The key is to light it like you would anything else. I use a diffused main "high at 45" barn doors or gobos are needed to keep the light from spilling all over. Add a bare hair light or kicker hitting the side only; for interest and to separate the tree form the background. Strobes or tungsten is fine. Mostly for the trees I use tungsten lighting because the ambient lights indoors is tungsten. He only uses clear lights, so I can only guess why your blue lights are not turning out blue. 

You are in luck with a with an 8' tree. Most of the ones I shoot are in the 15' plus range. It is a challenge to say the least.


Love & Bass


----------



## Garbz (Dec 12, 2009)

Sure that's called playing with the camera profile.

There's one big issue with LEDs. LEDs are pure lights. By that I mean they generate a single peak wavelength. This means they fall on the very edge of the CIE horseshoe diagram.

It has a few implications. Firstly, unless the LED wavelength falls on the exact wavelength of one of the R G B G filters on your sensor the camera won't otherwise know it's a pure light. Secondly because it's a pure light you have no means of recording or displaying it. Even with the ProPhoto colourspace you don't cover all of the possible colours, although in this case the blue would be covered. But that is academic since you won't be able to display it since most screens and printer produce gamuts that are a small fraction of the visible possible colours.

When I go out and take a photo, and later here convert that photo from AdobeRGB (the gamut of my screen) to sRGB (the standard gamut), 99% of the time I see no difference. However if I take a photo of LEDs, or Lasers there is a large night and day difference to the colours as they get shifted to fit within the sRGB spectrum.

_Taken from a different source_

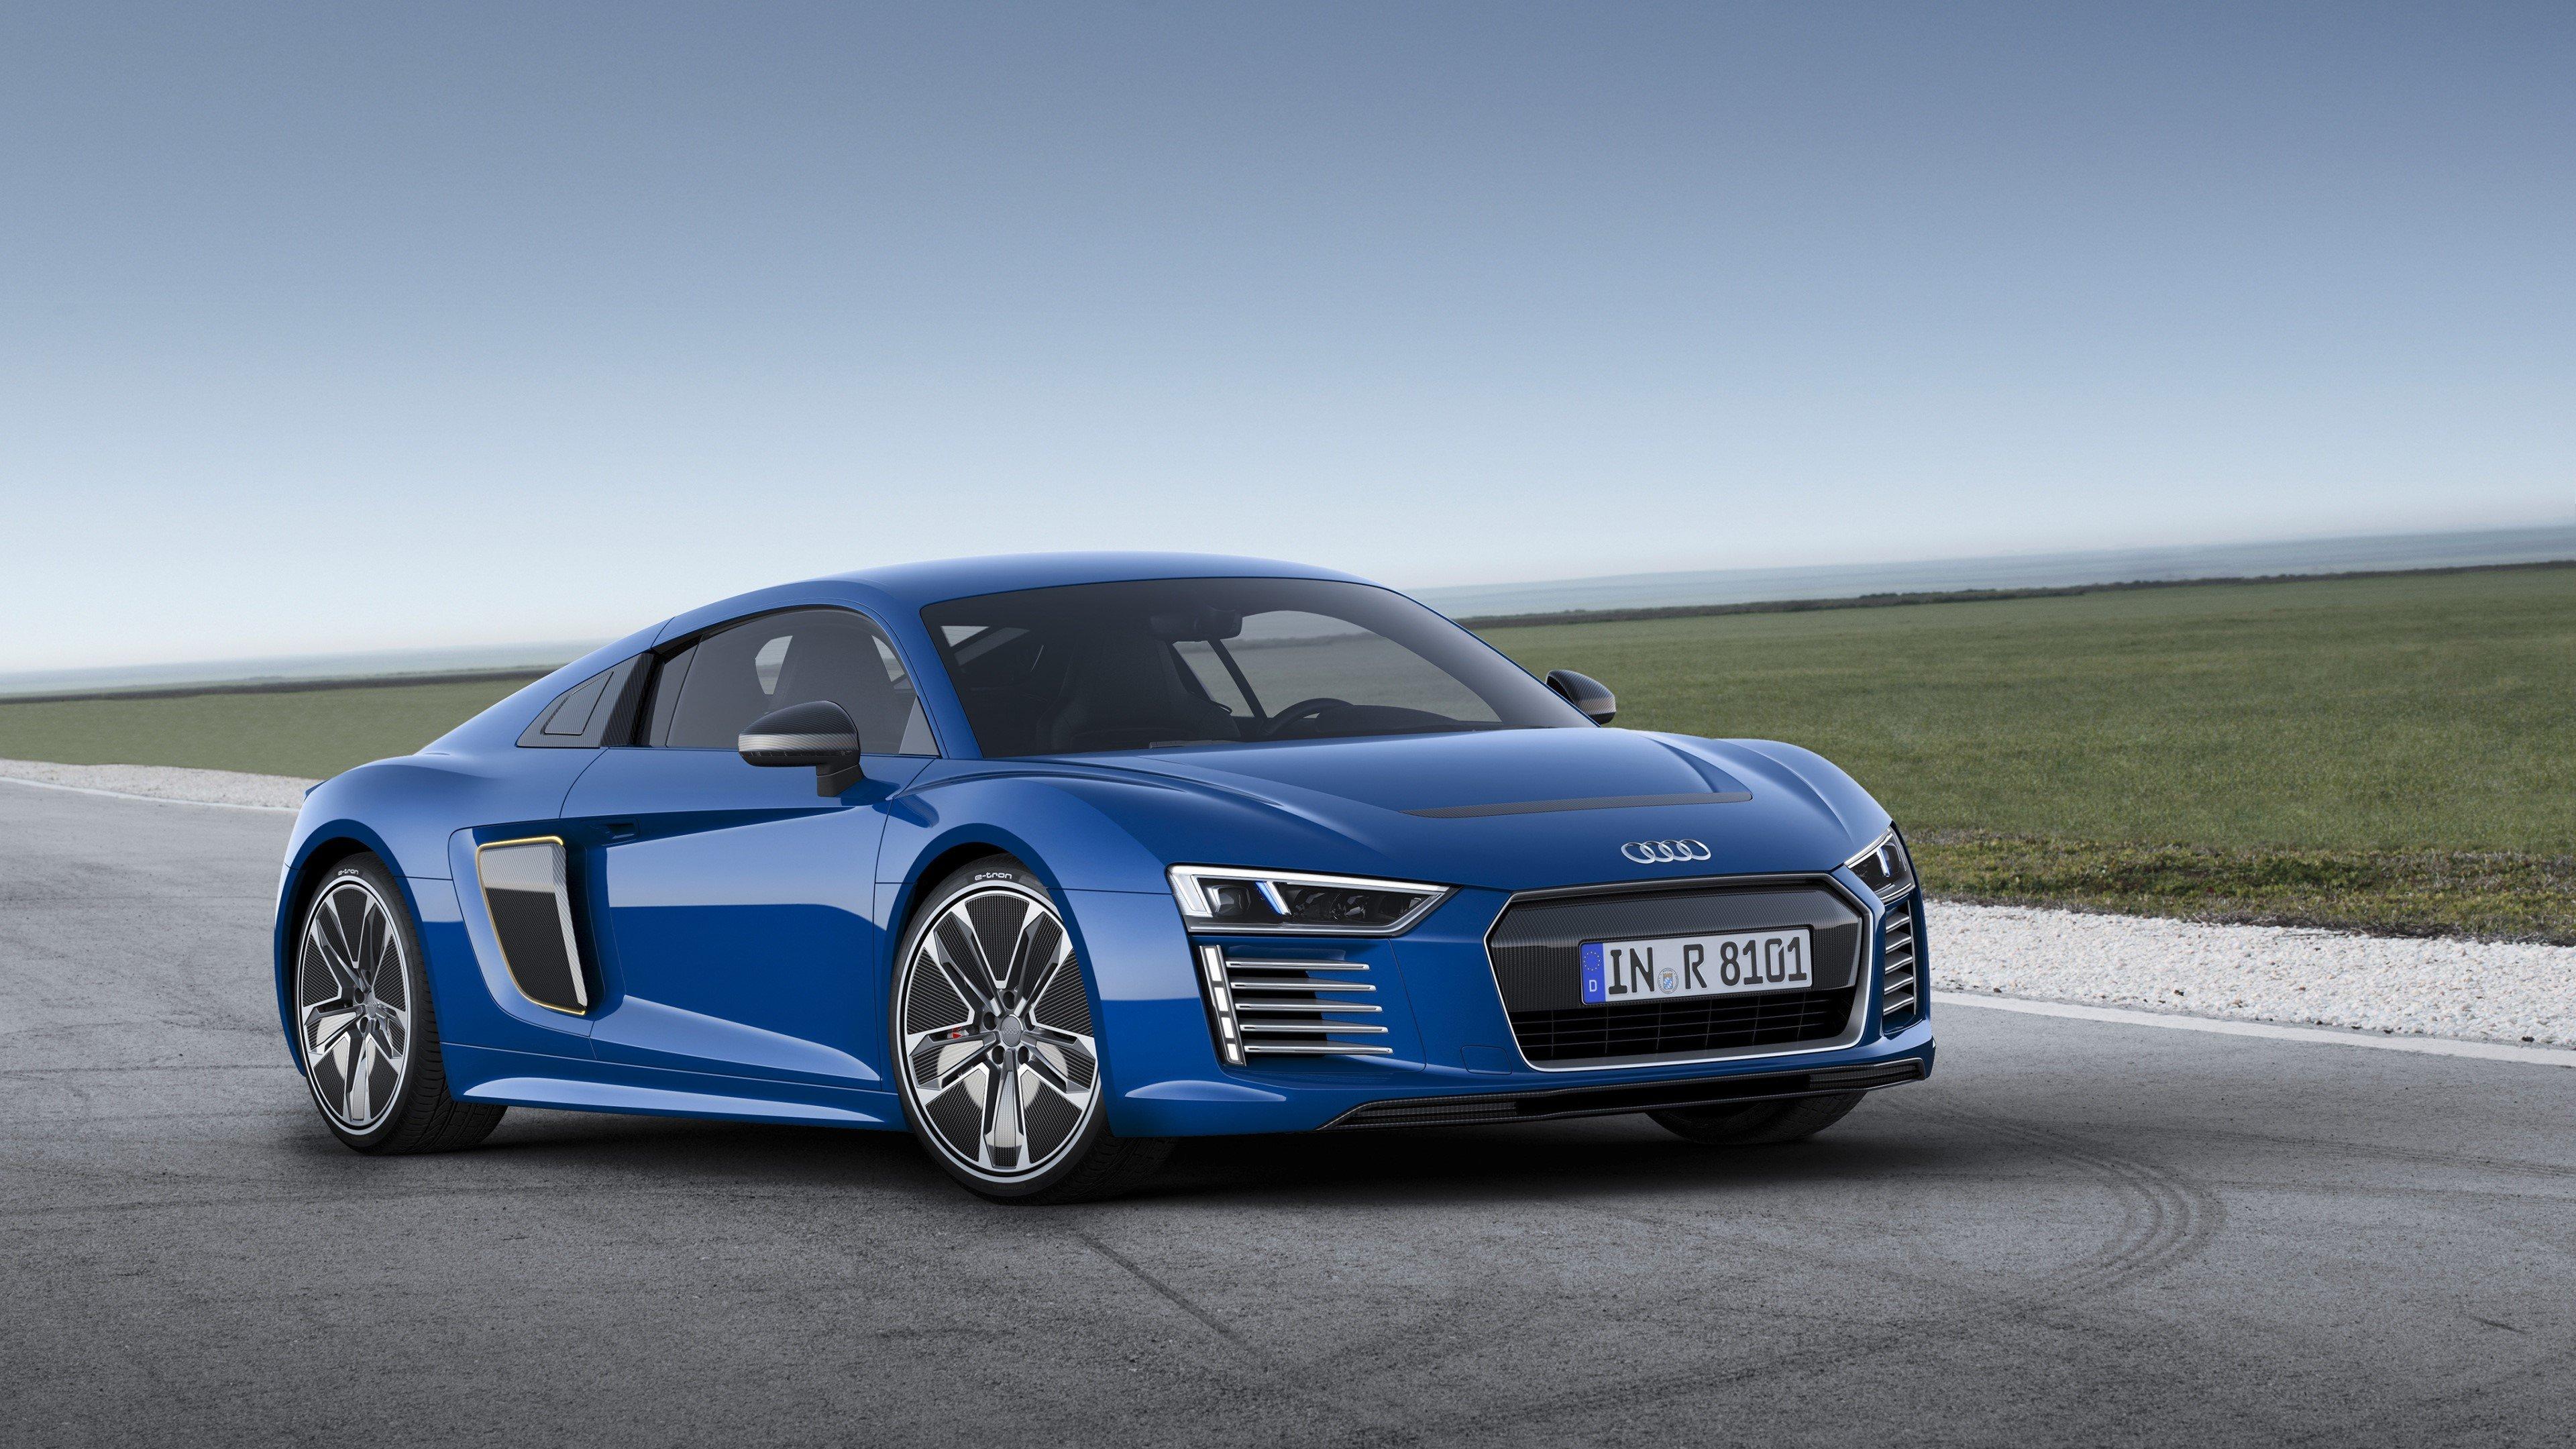 Fondo de pantalla de Audi R8 E Tron Azul de lado Imágenes

Our ability to produce single lights are far beyond our current ability to produce or record entire spectrums 


Anyway your best bet may be in photoshop to use the hue adjustment on just the tiny bit of the blue channel. If the colours start affecting the rest of the image then maybe mask it to just the LEDs.


----------



## GeneralBenson (Dec 12, 2009)

I would certainly think that a grey card would solve your problems, no?


----------



## Skaperen (Dec 12, 2009)

Dwig:  How about post processing the LED lights?  On tripod, shoot a well underexposed picture (at night, room lights off) to get ONLY the lights and nothing else.  Shoot again at normal settings with the lights off (don't move anything) to get the tree.  Color correct the lights-only shot as you like, even separately in each color channel.  Merge with the tree shot at the desired ratio.


----------



## Dwig (Dec 12, 2009)

Compositing two images, one with only the lights visible and the second without any lights but with a well exposed tree and surroundings is a workable approach if the environment can be controlled (no people milling around, indoors or no wind, ...). 

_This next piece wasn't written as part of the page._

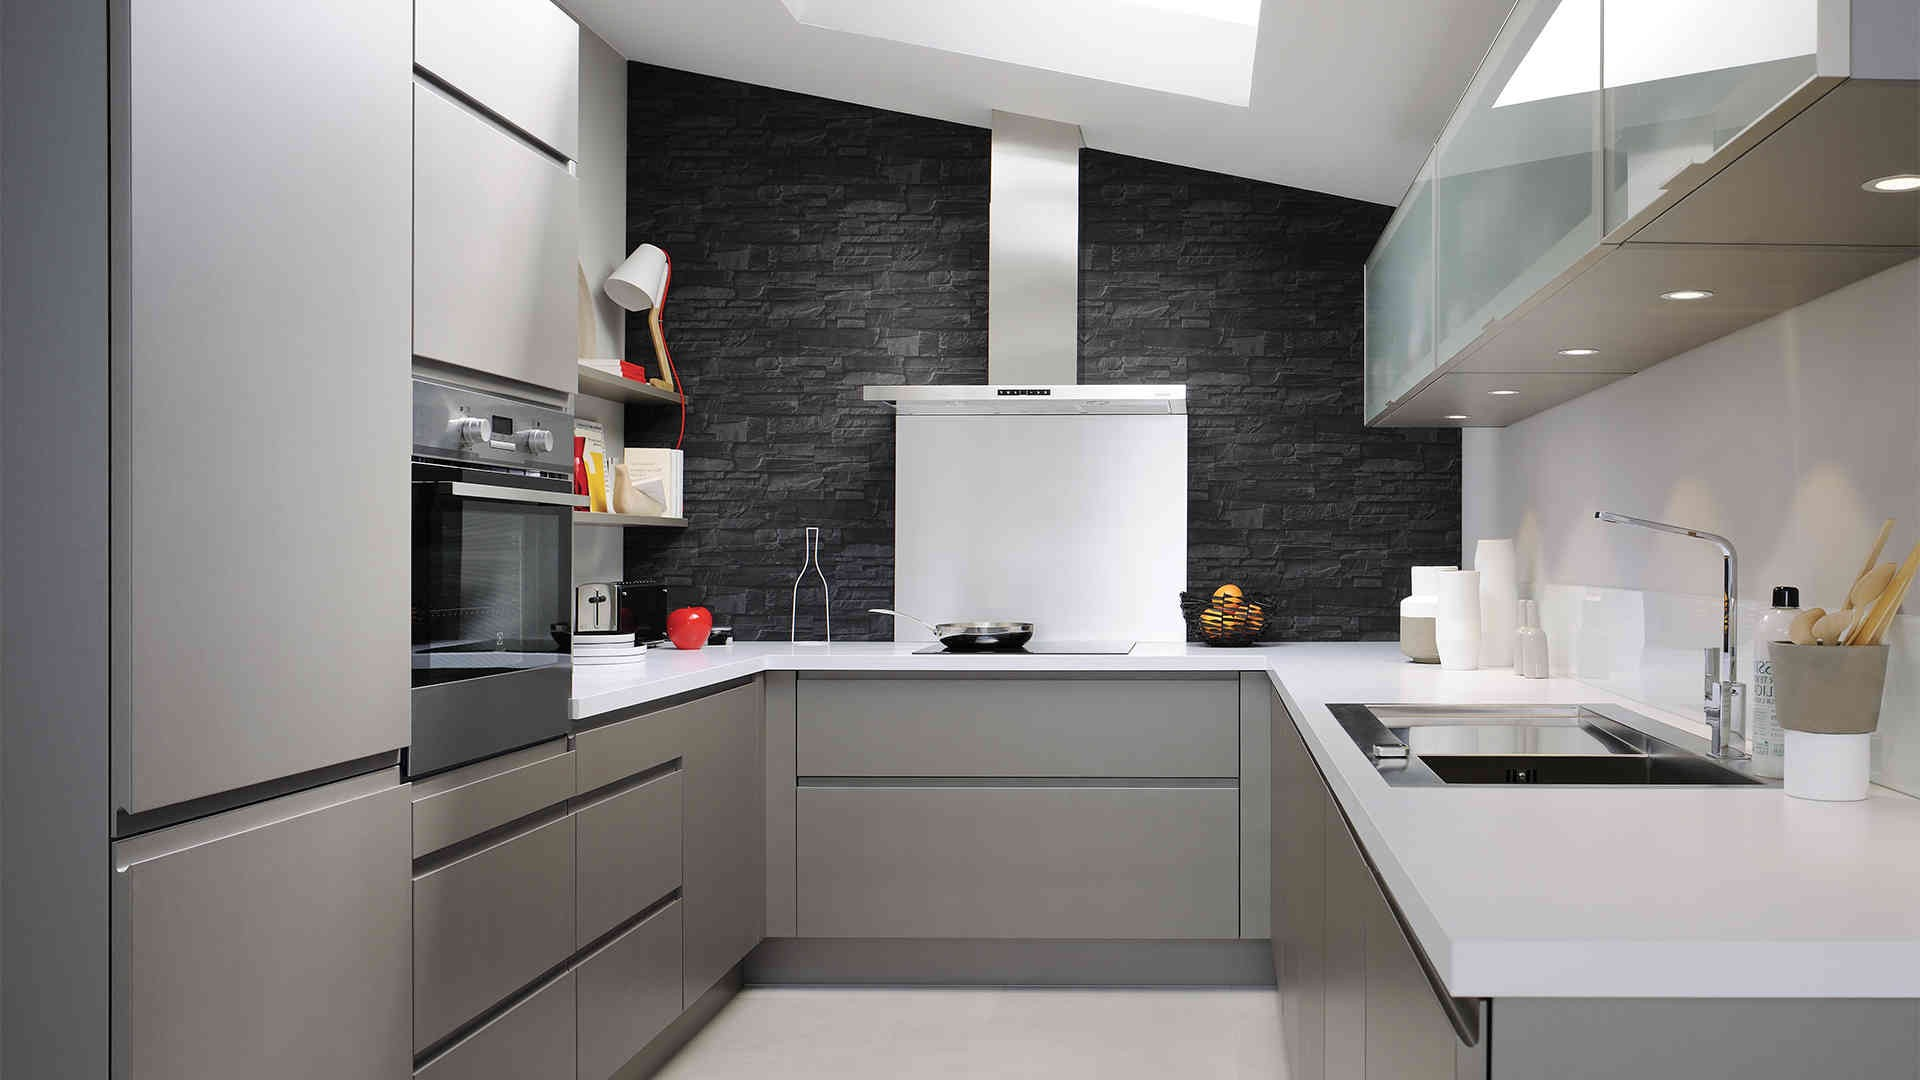 cuisine blanche mat ou brillante cuisine id es de d coration de maison v9lp91ydo3. Black Bedroom Furniture Sets. Home Design Ideas

Such compositing will allow very good control of the balance between the two shots, but it will do absolutely nothing to correct for the LEDs' narrow emission line spectra and their fit/misfit with the spectral sensitivity of the sensor's filtered photosites (the RGBG Bayer filter arrangement Garbz referred to).


----------



## Skaperen (Dec 12, 2009)

Dwig said:


> Such compositing will allow very good control of the balance between the two shots, but it will do absolutely nothing to correct for the LEDs' narrow emission line spectra and their fit/misfit with the spectral sensitivity of the sensor's filtered photosites (the RGBG Bayer filter arrangement Garbz referred to).


The corrections will be easier on just the photo with spots of lights in a few colors on a dark background.  Correct color is only crucial on the lighted photo.

For blue lights that look purple, just apply a subtraction of the blue channel against the red channel.  The red, yellow, and green lights stay the same, but the red is reduced for the blue lights.  While lights will lose some red, and that could be countered with an addition to red of the product of green and blue.  Selected values in a first and second order color mixing matrix would do that.

The color correction of the lights alone is also not so critical.  You could even swap colors around and who would really know.:mrgreen:

I'd take the lights shot and duplicate it many times.  For each one, I'd erase out random selections of lights.  Then I'd compose them together in a sequence with a brief mix frame between pairs, and form a little movie making the lights twinkle and blink.


----------